With the recent protests that have happened in the Middle East, was there any concern about what you depict in this film and the similarities between the two?

Affleck: It was always important to us that the movie not be politicized. We went to great pains to try to make it very factual and fact-based, knowing that it was going to be coming out before an election in the United States when a lot of things get politicized. We obviously couldn’t forecast how terrible things would become now, but even when we made the movie, we saw some resonance to countries that were in tumult. Naturally, we just wanted to be judicious and careful about presenting the facts, and also stand firmly behind that and say, 'This is an examination of this part of the world.' Just because a part of the world is undergoing strife and tumult, it doesn’t mean you stop examining it, looking at it or talking about it. I think that would be a bad thing.
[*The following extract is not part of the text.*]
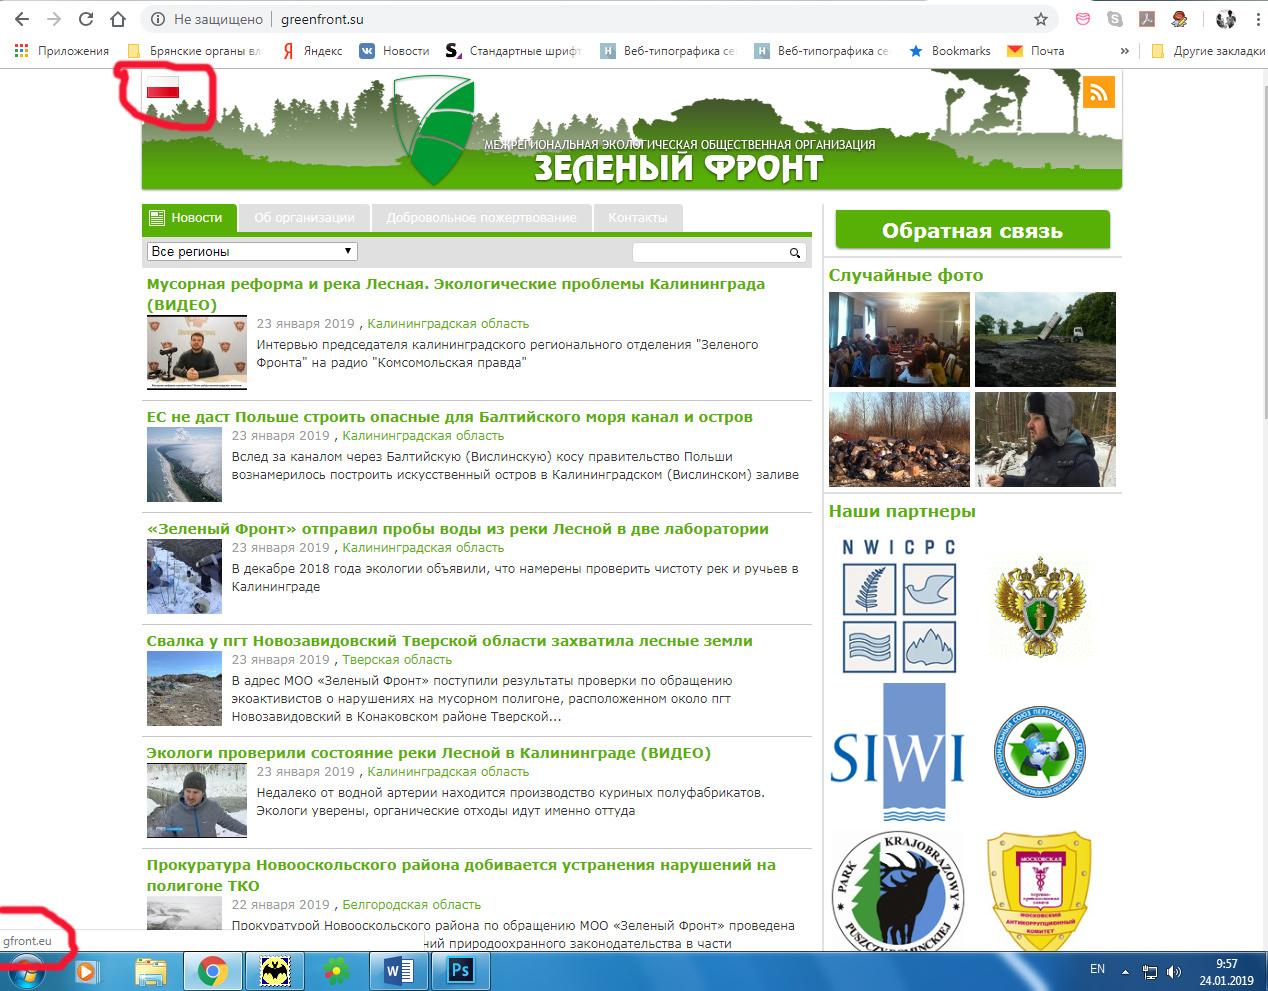 Нетрадиционная эко-ориентация: «Зелёный фронт» рекламирует гей-сайт?

What reaction did you get from your family at home, for your character’s Seventies look?

Affleck: My family unanimously hated the look, for different reasons. There was a united front. My kids kept saying, 'Can you shave the prickles?,' and I said, 'I’ve gotta wear this for work.' Finally, my daughter was like, 'What kind of work would want you to look like that?!'

Finally, how do you feel about all of the Oscar buzz for this film?

Affleck: Right now, we’re just trying to get the movie out. There isn’t anybody out there who has paid a dime to buy a ticket yet to see this movie. When you work for as long as we all have on something like this, the focus is just on the audience coming to see it. Otherwise, you’re just a tree in the woods. You’ve spent all that time for a plastic disc. The goal is to have it be as large a collective experience as possible.

Argo hits theaters nationwide tomorrow, October 12th.